* _Task_
A line below contains "60994 Distressed Vintage", and a later one contains "Abrash. Distressed. Antique Wash. Desirable". Repeat both, with every line between them, exactly.

* _Given data_
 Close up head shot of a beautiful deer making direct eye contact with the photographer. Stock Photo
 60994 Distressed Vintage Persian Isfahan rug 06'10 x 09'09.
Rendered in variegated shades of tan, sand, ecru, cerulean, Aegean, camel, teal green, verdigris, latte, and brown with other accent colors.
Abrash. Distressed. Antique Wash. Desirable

==

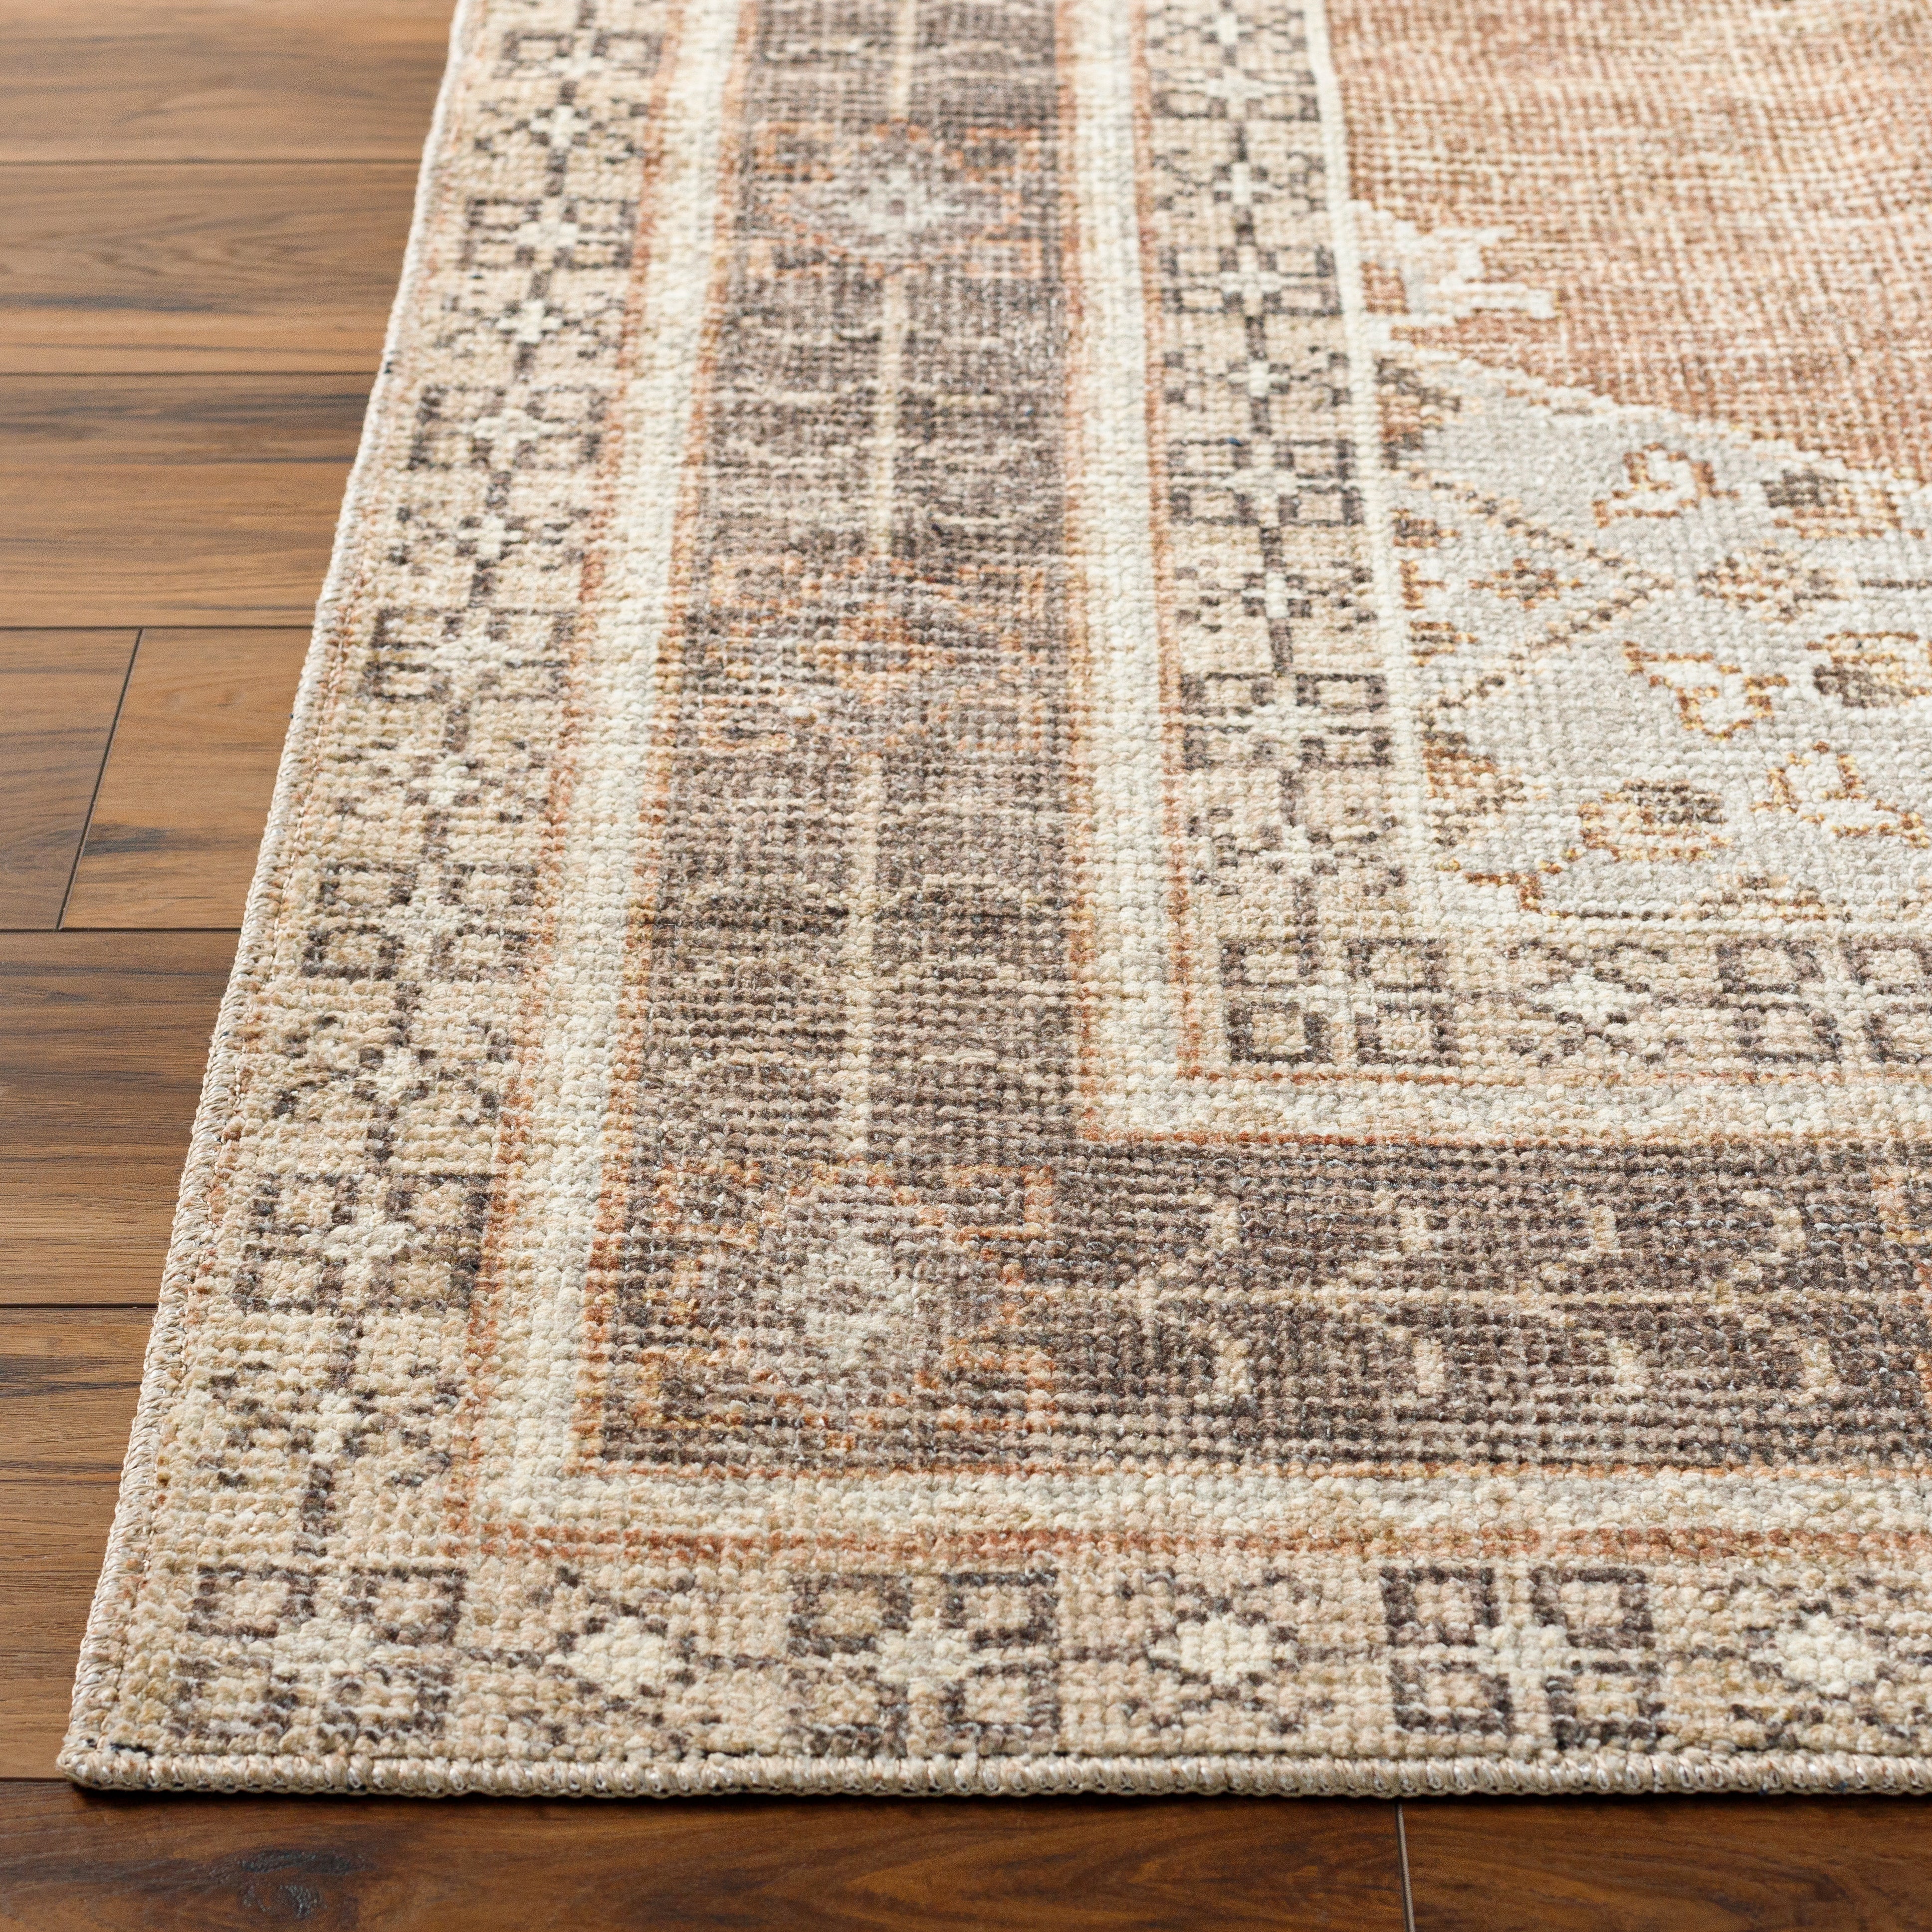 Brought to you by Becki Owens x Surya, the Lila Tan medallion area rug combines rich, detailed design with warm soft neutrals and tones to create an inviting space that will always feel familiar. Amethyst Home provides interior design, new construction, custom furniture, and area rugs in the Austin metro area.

---

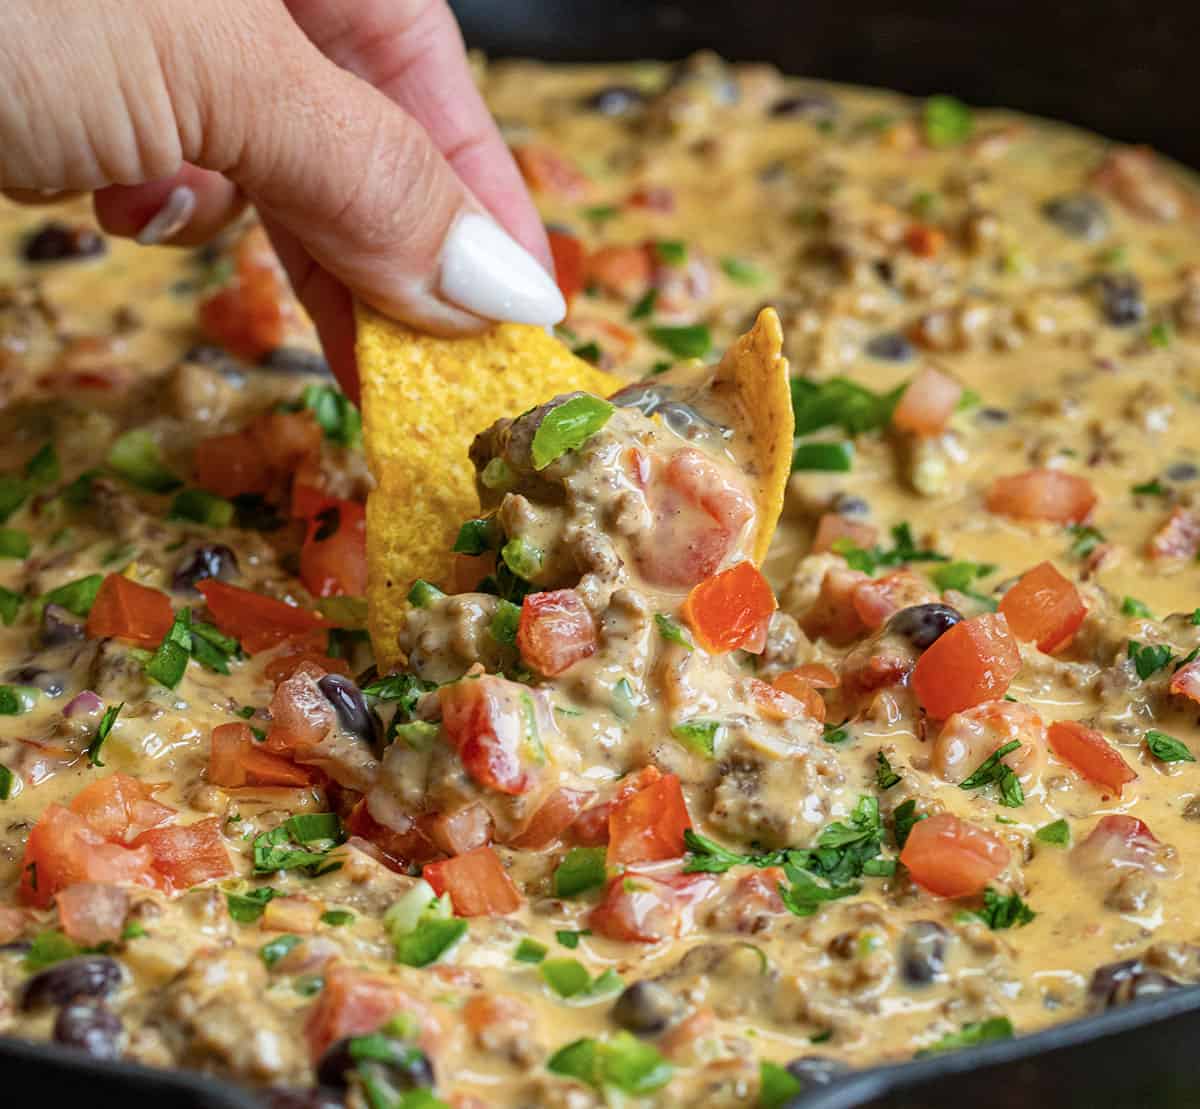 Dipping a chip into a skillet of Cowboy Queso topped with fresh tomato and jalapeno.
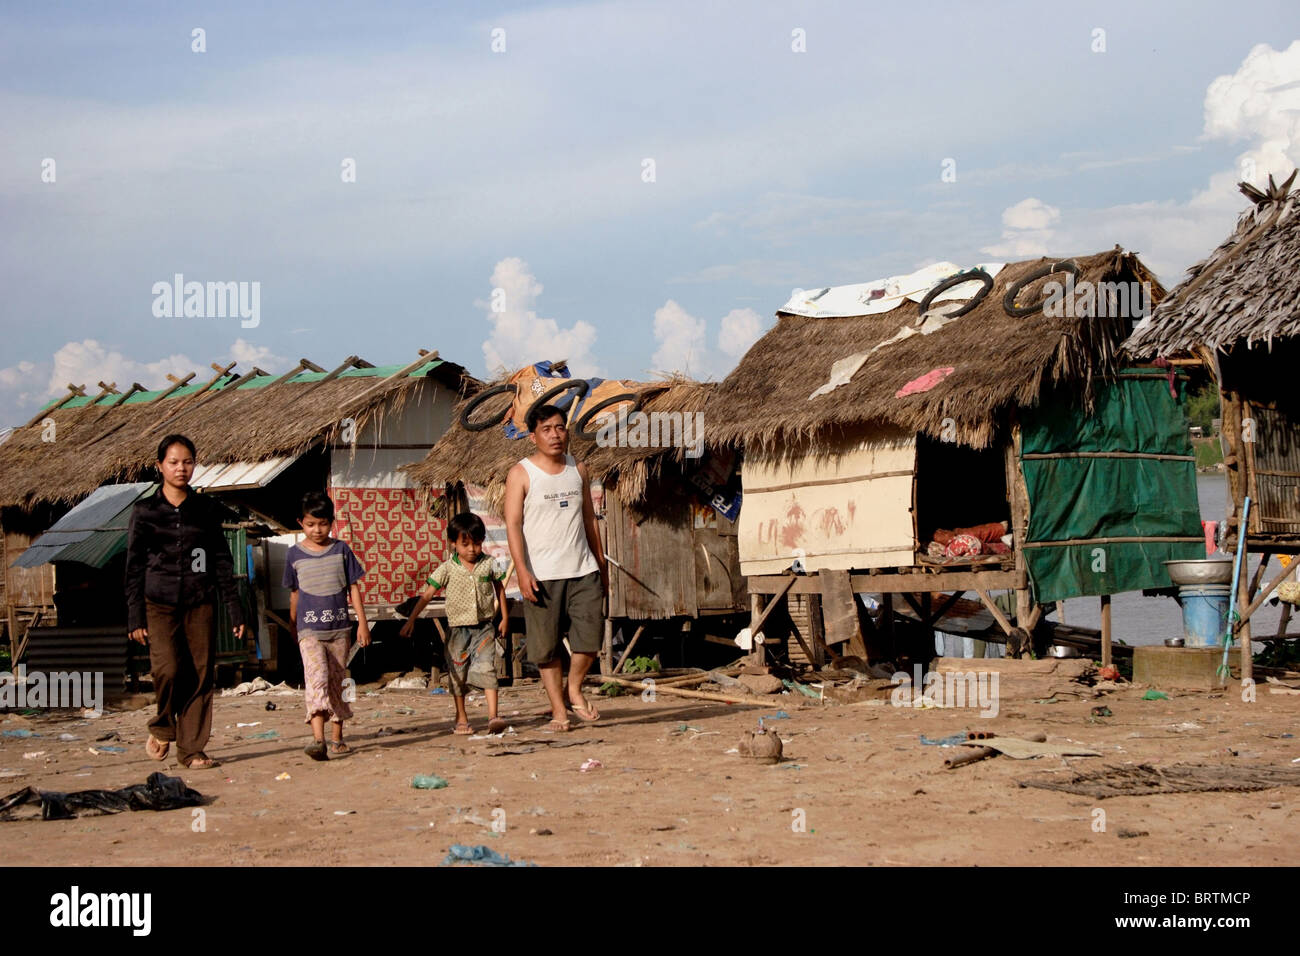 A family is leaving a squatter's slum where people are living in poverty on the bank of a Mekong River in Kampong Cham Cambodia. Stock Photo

* _Answer to this exercise_
 60994 Distressed Vintage Persian Isfahan rug 06'10 x 09'09.
Rendered in variegated shades of tan, sand, ecru, cerulean, Aegean, camel, teal green, verdigris, latte, and brown with other accent colors.
Abrash. Distressed. Antique Wash. Desirable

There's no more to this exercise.